Ce qu’un format de proximité peut et ne peut pas
Une supérette de station balnéaire couvre le quotidien : petit-déjeuner, boissons, produits frais de base, dépannage. Elle ne remplace pas un hypermarché pour un gros plein de deux semaines à huit personnes, ni pour des produits spécifiques. La stratégie qui fonctionne, quand on ne veut pas de voiture, consiste à faire un unique gros ravitaillement le premier ou le deuxième jour, en taxi ou pendant une journée de location ponctuelle, puis à vivre à la supérette pour le reste du séjour.
Les horaires — pause méridienne, dimanche, jours fériés — se vérifient sur place.
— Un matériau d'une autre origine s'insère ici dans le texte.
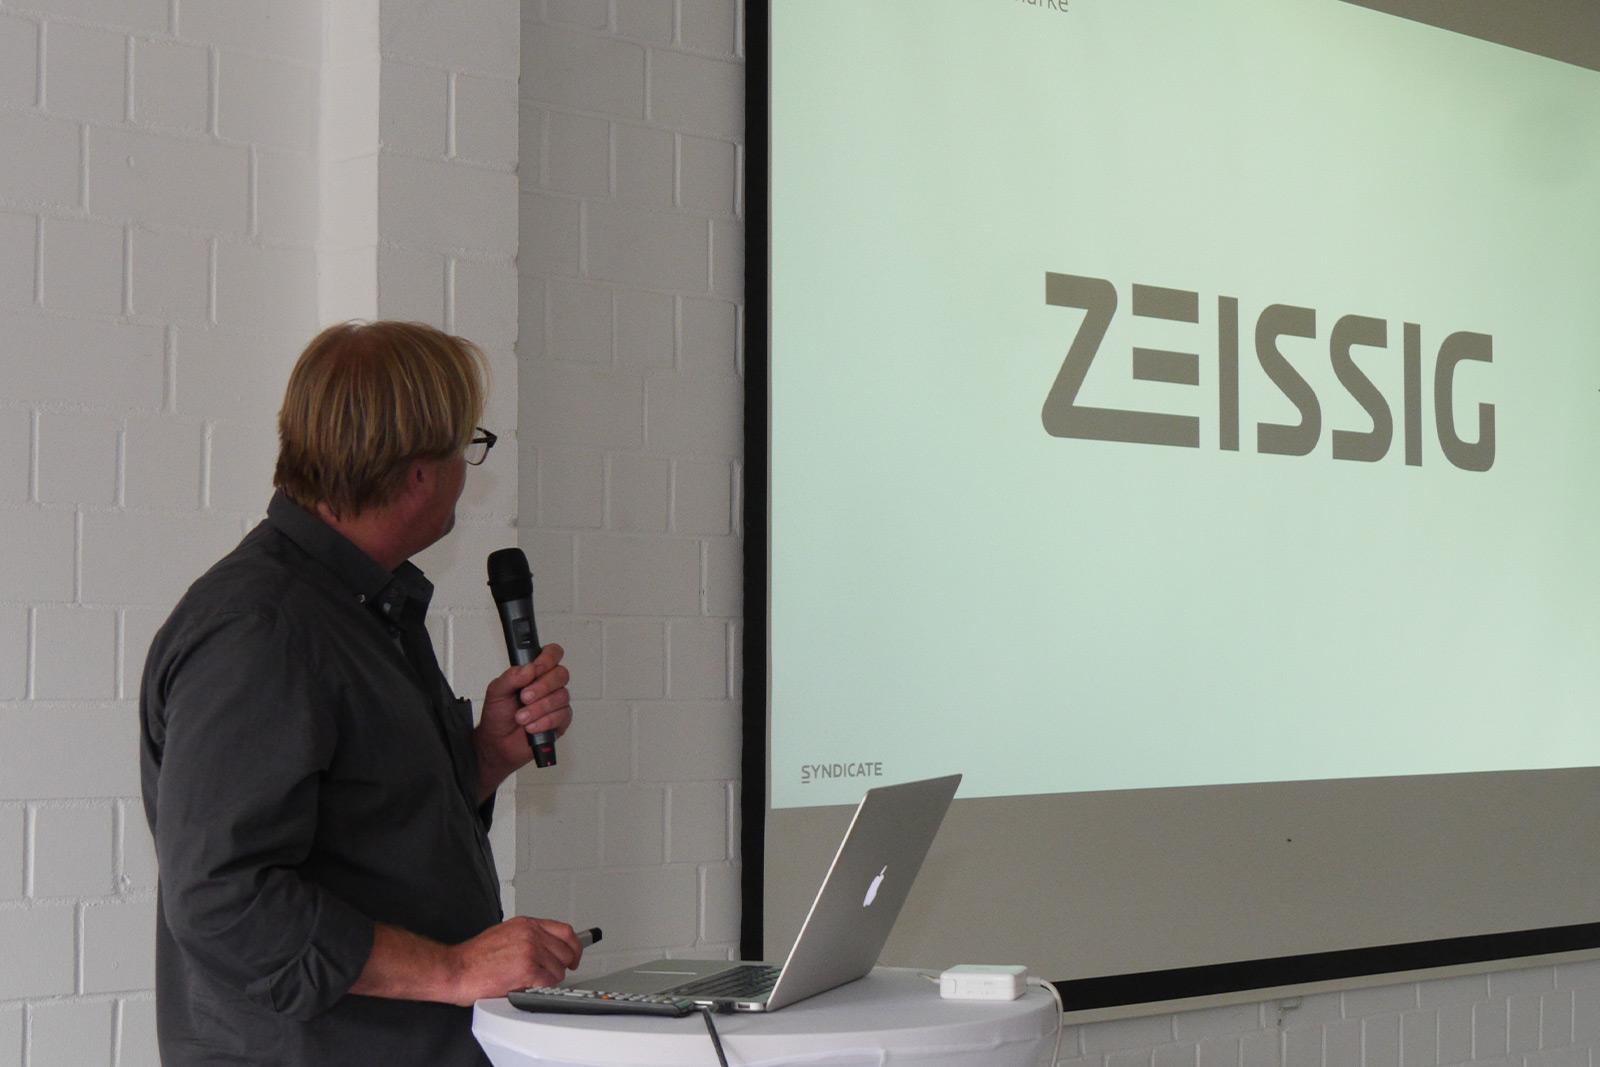 Syndicate Geschäftsführer Heiko Hinrichs erklärt die Entstehung des neuen Corporate Designs

En Martinique comme ailleurs aux Antilles, ils varient d’une enseigne à l’autre et d’une saison à l’autre.
Les restaurants à portée de sandales
Le relevé identifie cinq adresses de restauration dans un rayon très court : Weber Grill Academy des Antilles à 200 m, L’Étoile Restauration et Pizzeria à 400 m, Délys Kréyol à 600 m, Nestor Pizza et Le Maeva à 800 m. Sur le papier, cela suffit à couvrir plusieurs soirées sans jamais sortir du quartier.
Deux réserves d’honnêteté. D’une part, nous ne connaissons pas les jours et horaires d’ouverture de chacune, et la restauration en zone balnéaire ferme parfois un ou deux jours par semaine, voire une partie de la basse saison. D’autre part, un établissement peut avoir changé depuis le relevé. À vérifier au moment du séjour, idéalement par téléphone.